[Start of section]

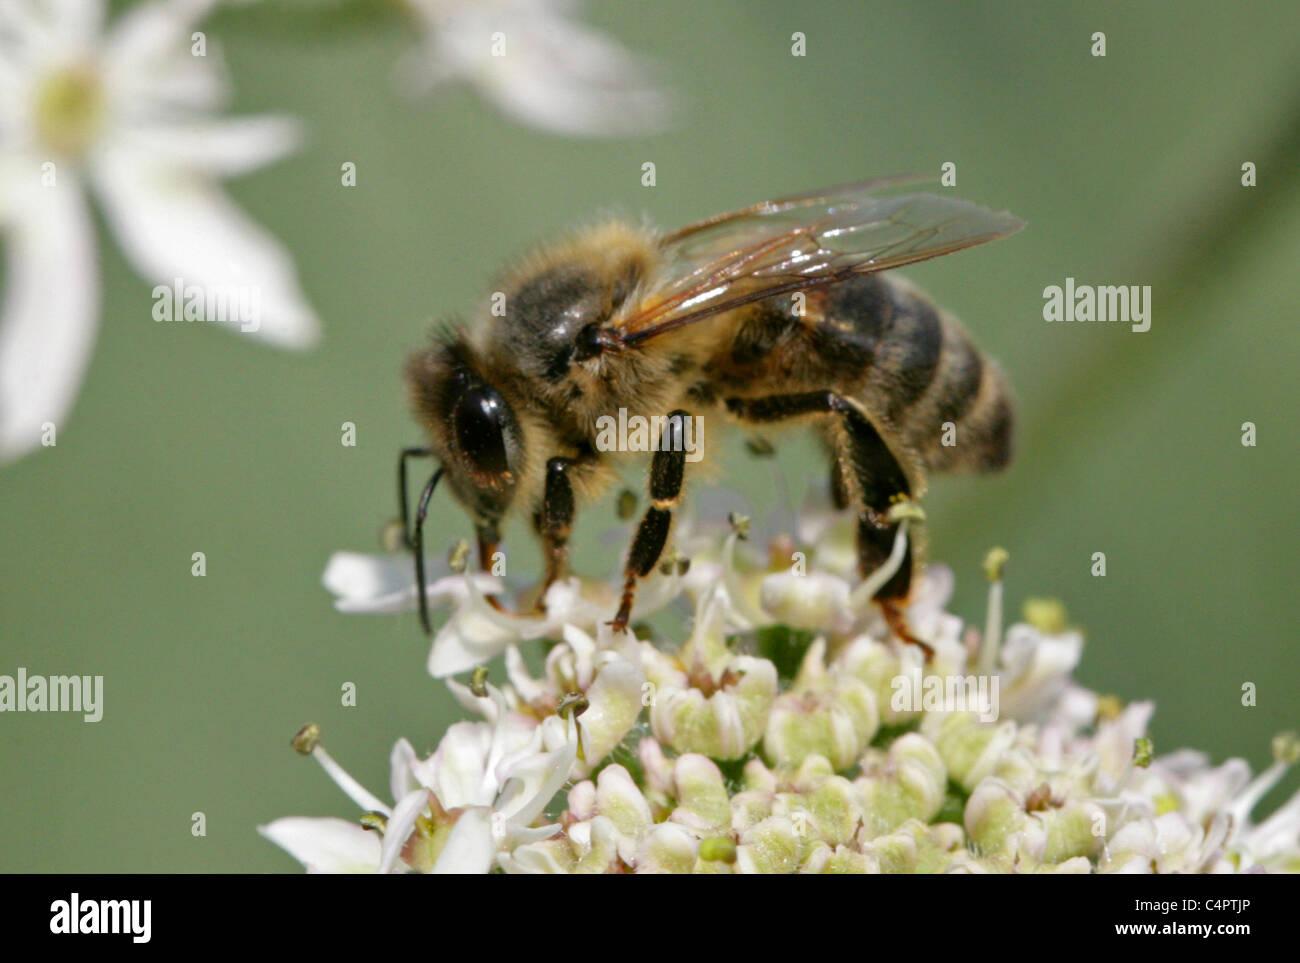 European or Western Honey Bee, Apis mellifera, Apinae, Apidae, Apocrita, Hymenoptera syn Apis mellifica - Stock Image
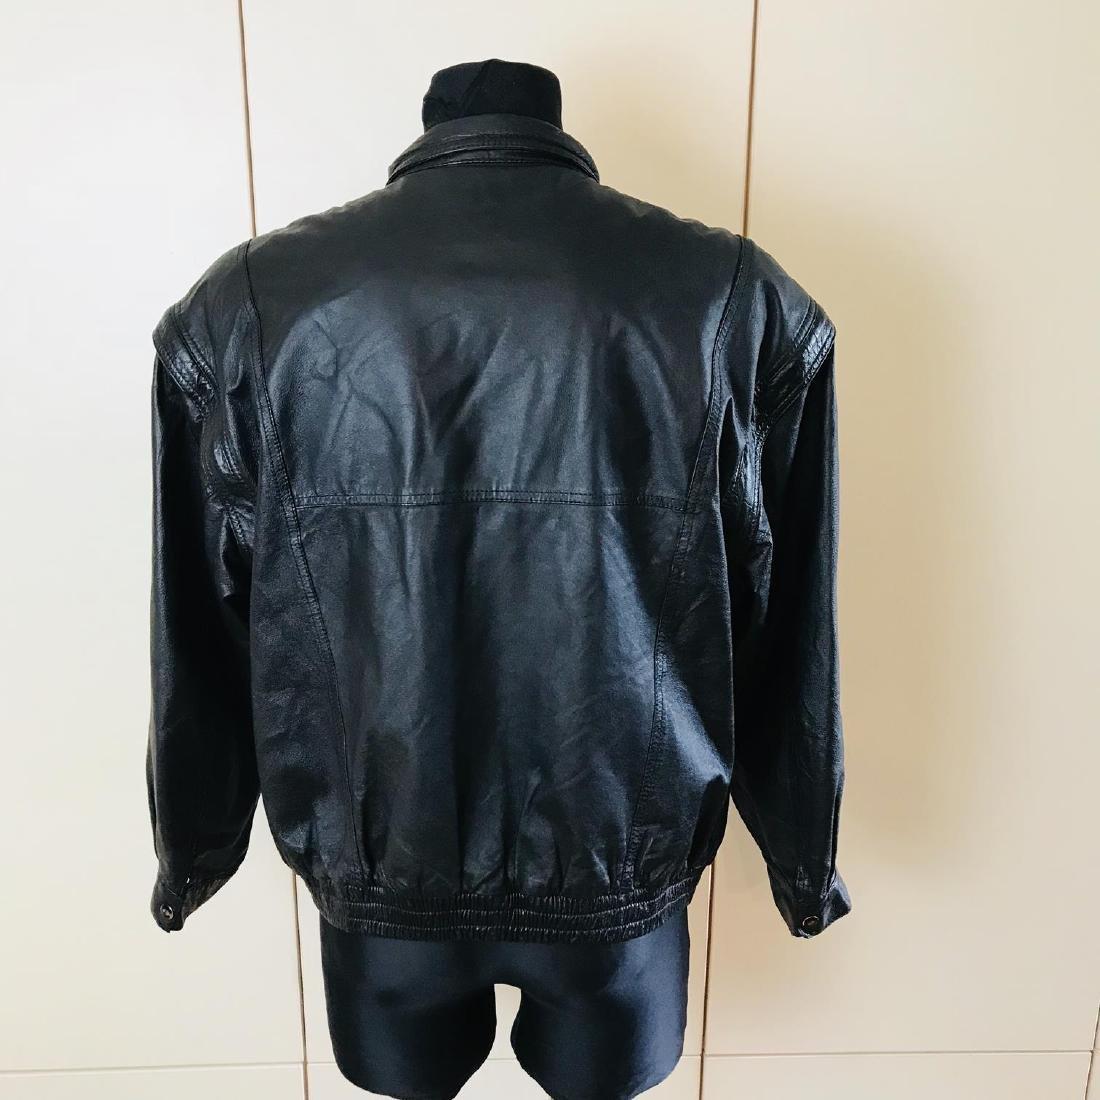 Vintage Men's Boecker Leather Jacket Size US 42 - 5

[End of section]
[Start of section]

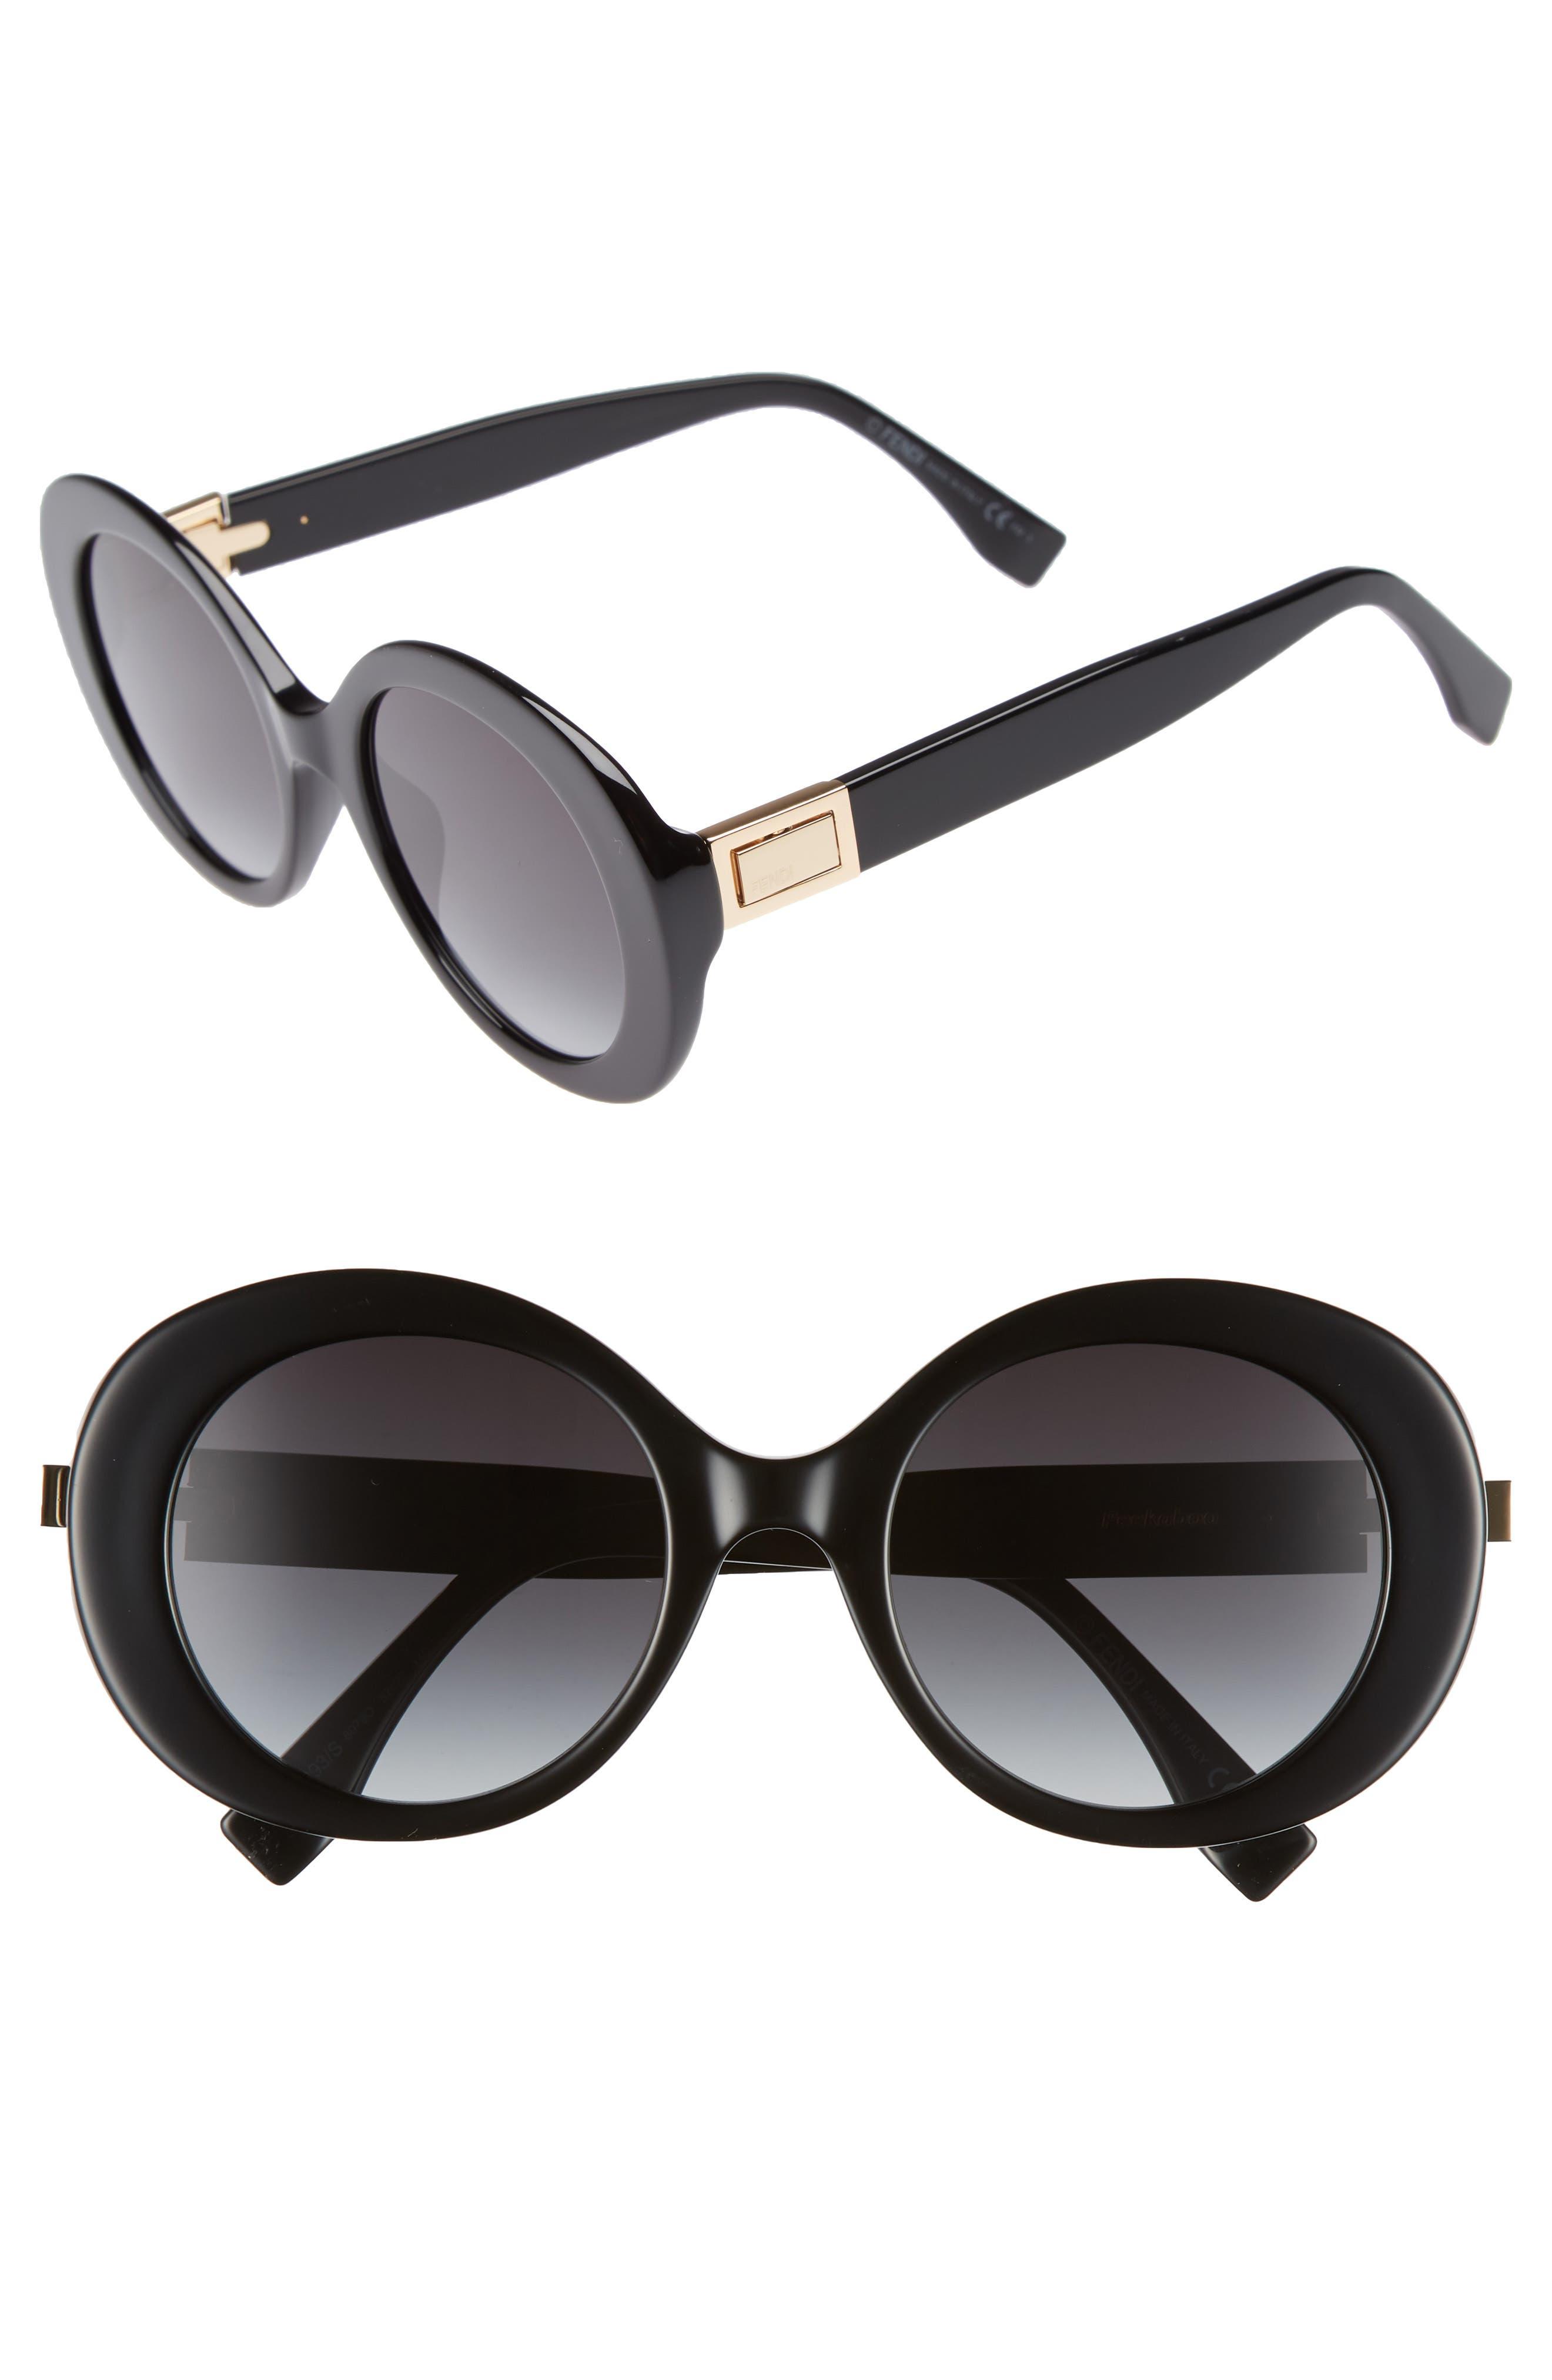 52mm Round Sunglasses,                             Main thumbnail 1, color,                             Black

[End of section]
[Start of section]

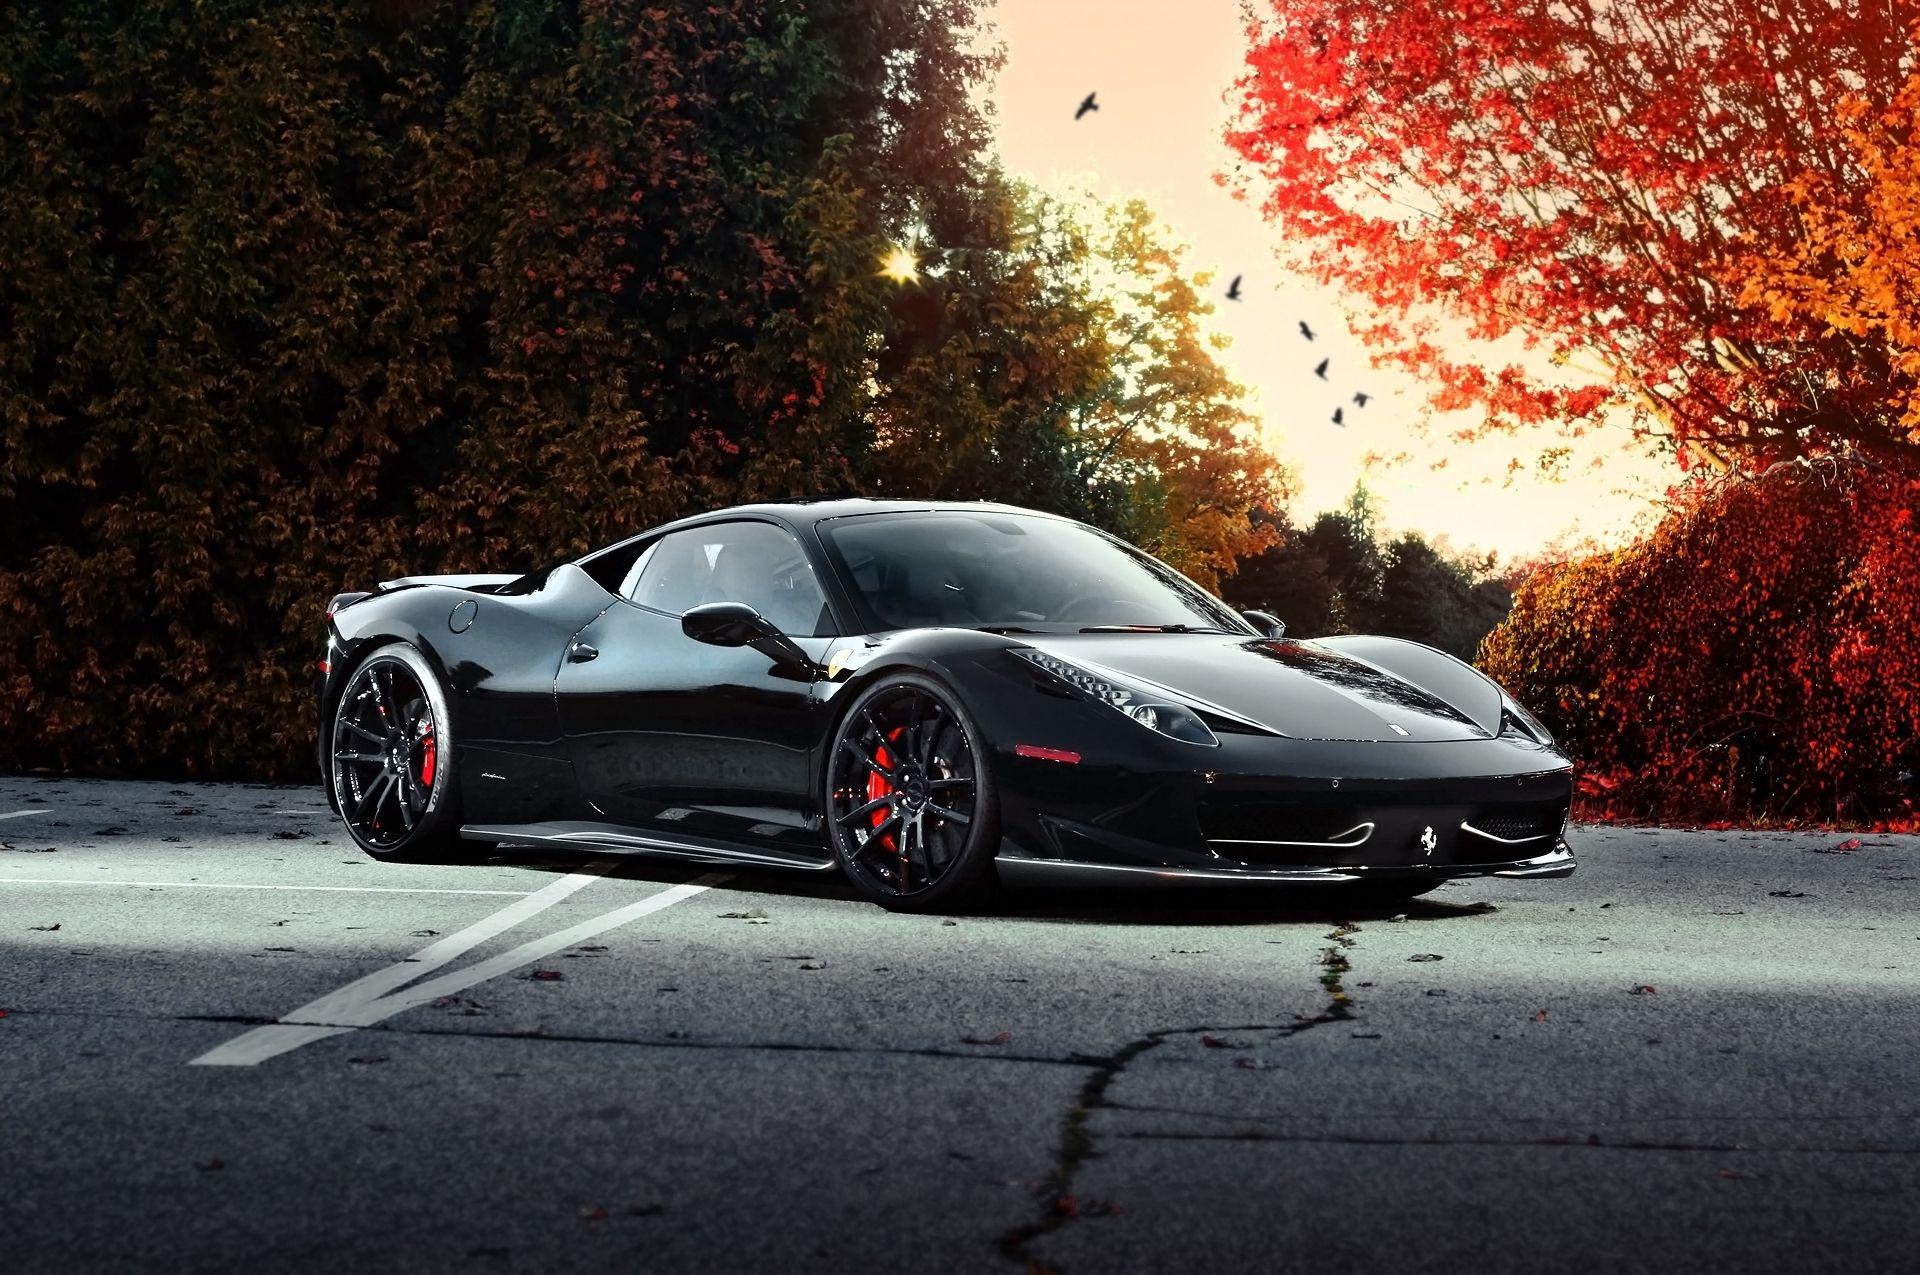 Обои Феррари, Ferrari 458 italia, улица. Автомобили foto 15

[End of section]

[Task objective]
Going by the data above, give back only the lines from the one containing "European or Western" through the one containing "Vintage Men's Boecker", exactly as they stand, both ends included and no images.

[Expected answer]
 European or Western Honey Bee, Apis mellifera, Apinae, Apidae, Apocrita, Hymenoptera syn Apis mellifica - Stock Image
 Vintage Men's Boecker Leather Jacket Size US 42 - 5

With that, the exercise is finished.